Latent Reasoning via Fused Tokens
🔗 Source: arXiv
Latent Thoughts Tuning: Bridging Context and Reasoning with Fused Information in Latent Tokens
🚀 Technical Novelty
- Mechanism: Introduces a Context-Prediction-Fusion mechanism that constructs latent tokens by combining recurrent hidden states with probability-weighted vocabulary embeddings, trained via a progressive three-stage curriculum learning pipeline.

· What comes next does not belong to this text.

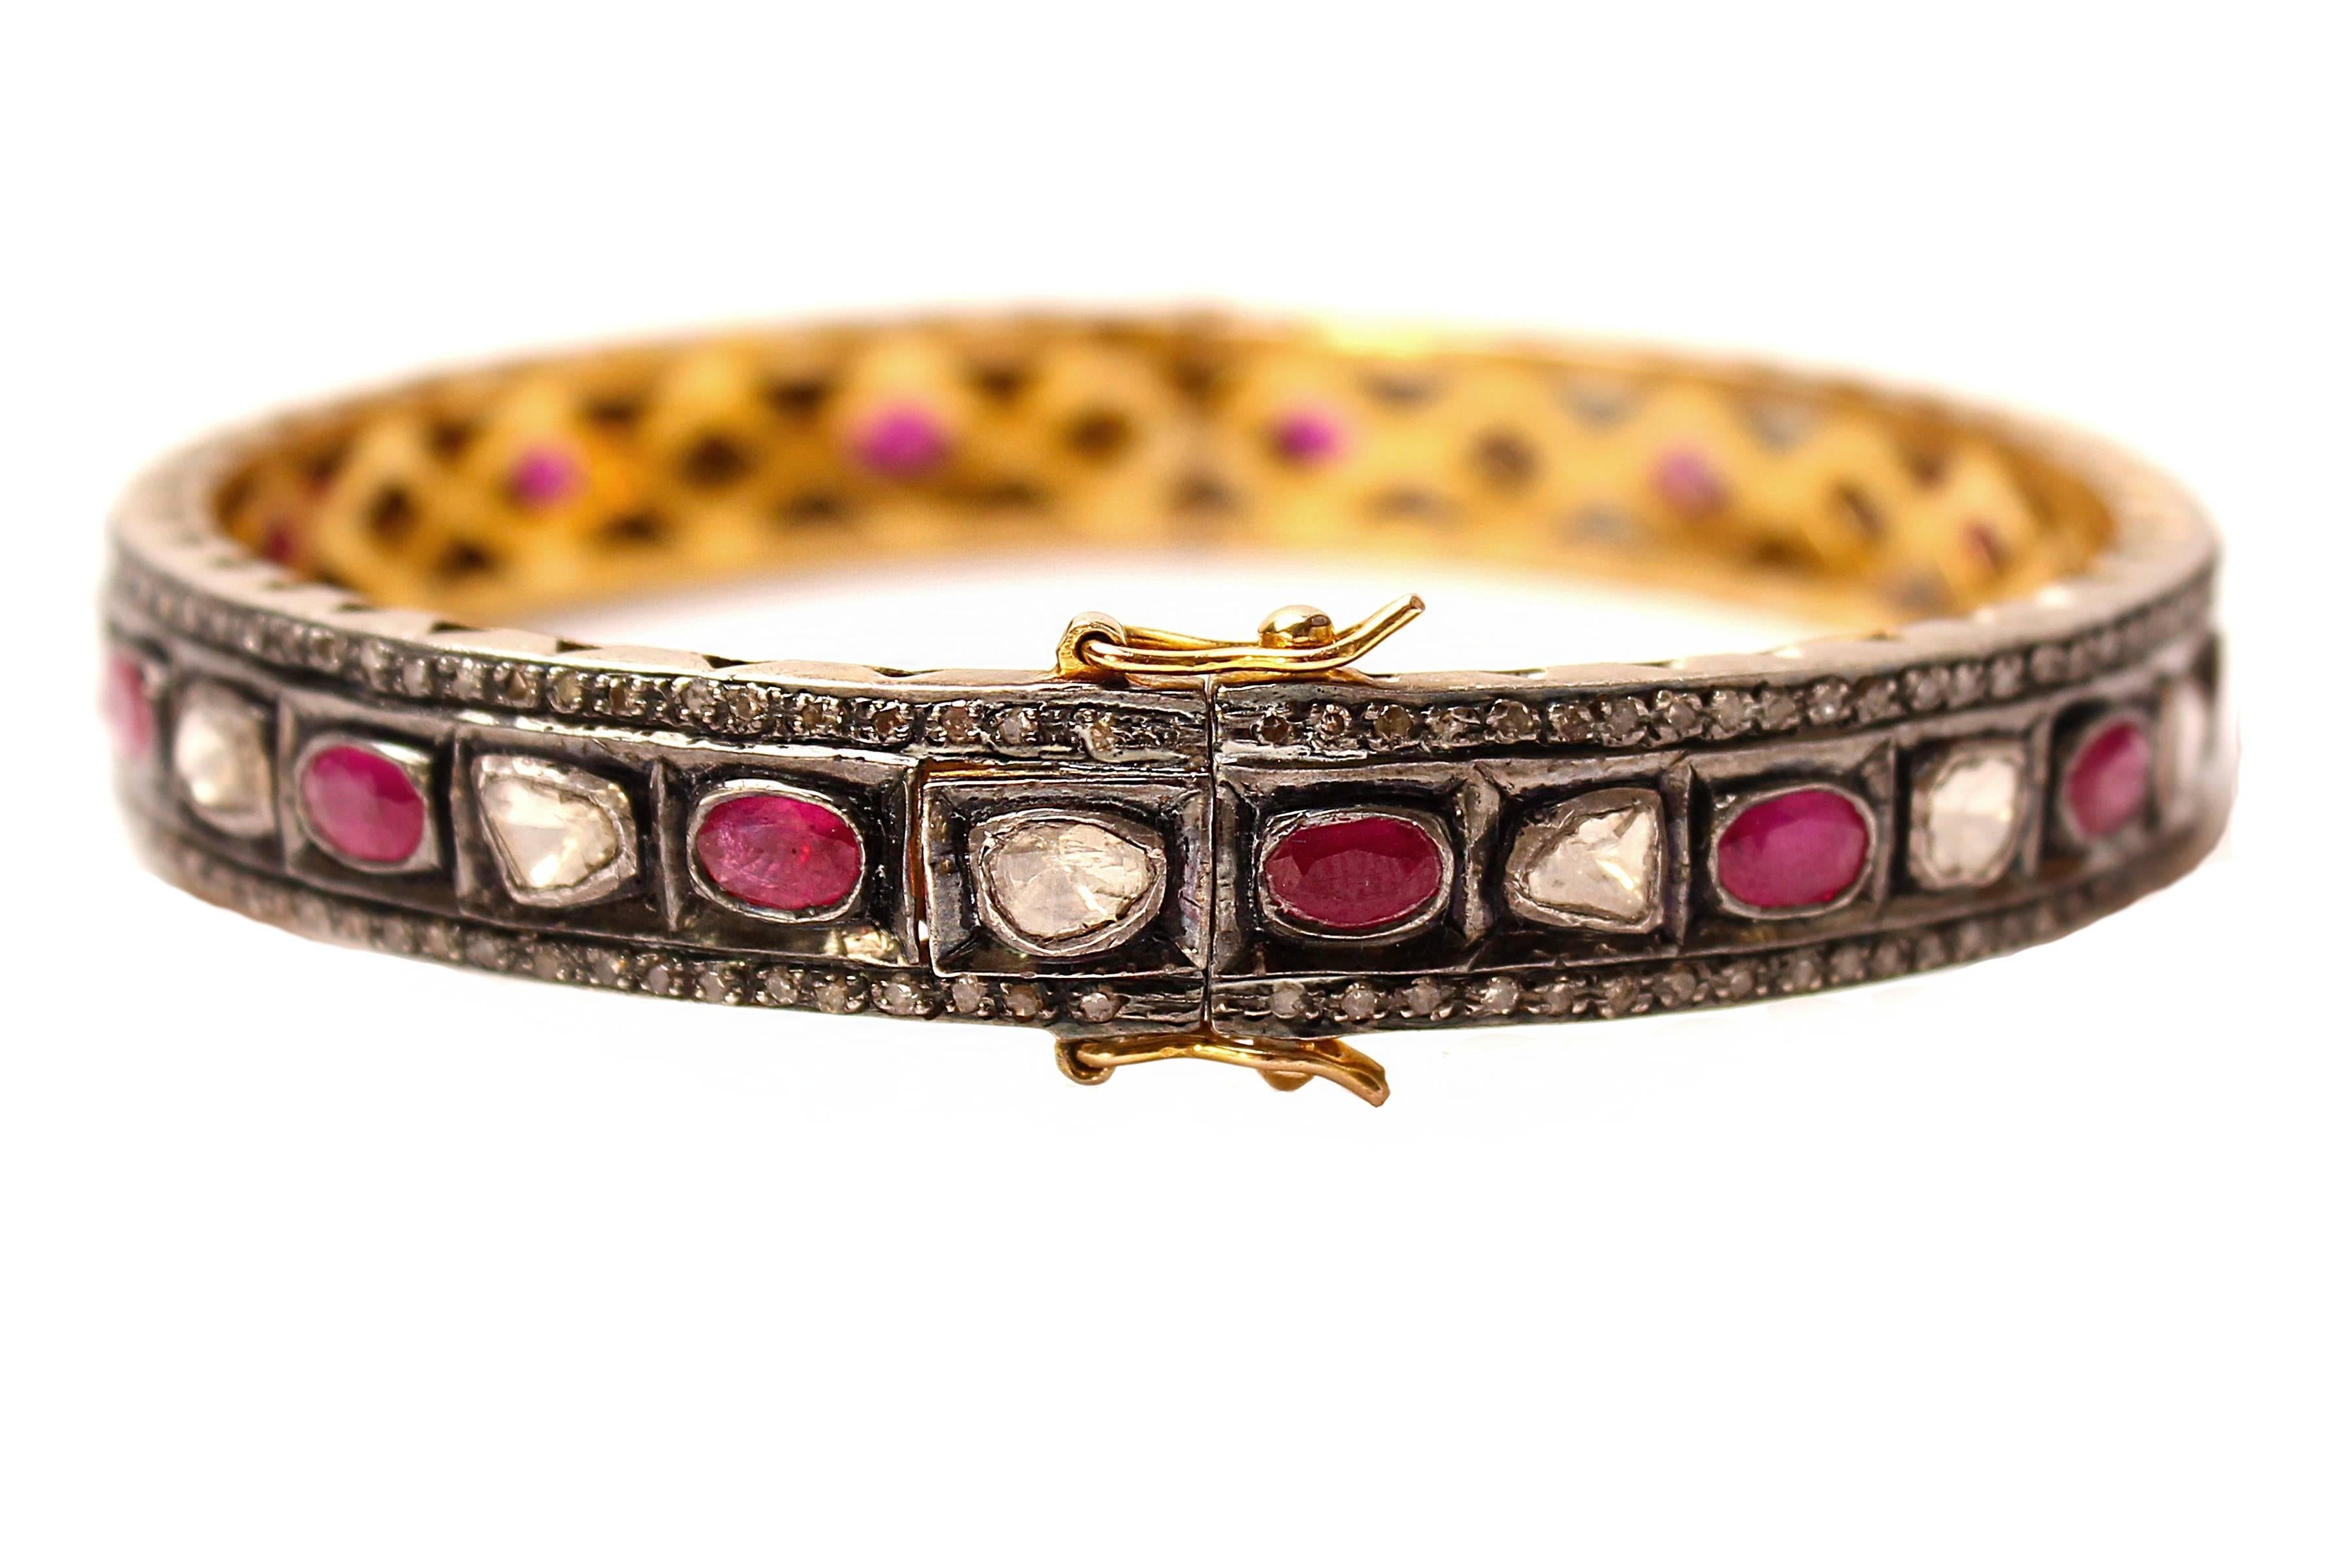 Rosecut diamonds and rubies. Silver. Gold plate. Clasp.

- Nuance: Unlike prior latent methods that suffer from feature collapse (Coconut) or discard context (Soft-Thinking), LT-Tuning dynamically switches between explicit CoT and latent reasoning based on prediction confidence, bridging the distribution gap between input embeddings and output hidden states without external assistants.
💡 Yield
- Outperforms existing latent reasoning baselines by up to 4.3% average accuracy across mathematical benchmarks (1B-8B models).
- Successfully mitigates feature collapse in larger models with untied embeddings, demonstrating robust scaling behavior where prior methods degrade.

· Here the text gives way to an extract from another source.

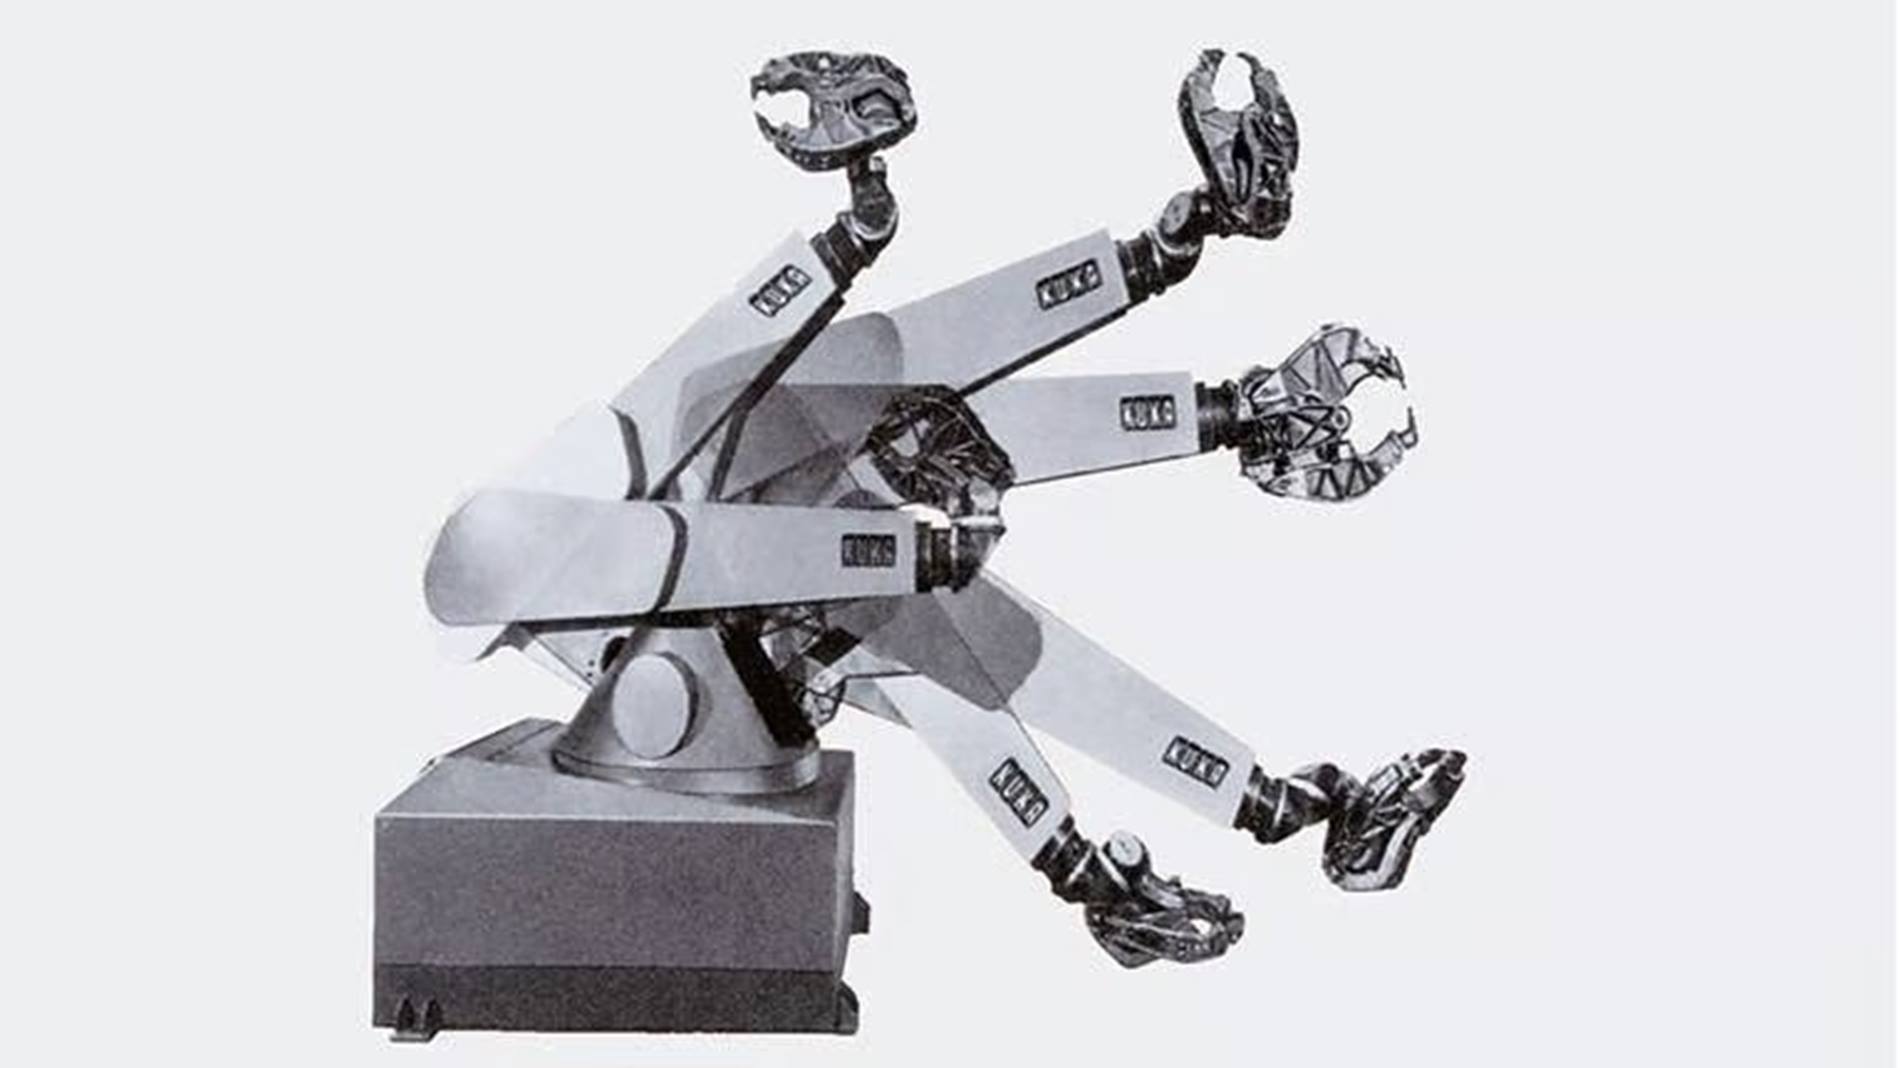 KUKA Famulus, the first KUKA robot with which the company made history as a robotics pioneer in 1973.

- Enables confidence-driven dynamic allocation of computation, reducing unnecessary inference steps on trivial problems while providing deeper reasoning for complex ones.
⚠️ Limitations
- Requires a three-stage post-training curriculum pipeline, adding complexity to the fine-tuning process compared to standard prompting or simple SFT.
- Performance gains are evaluated primarily on mathematical reasoning benchmarks; generalization to other domains (e.g., code, open-ended generation) is not extensively tested.
- Relies on threshold-based confidence triggering, which may require careful hyperparameter tuning across different model scales and tasks.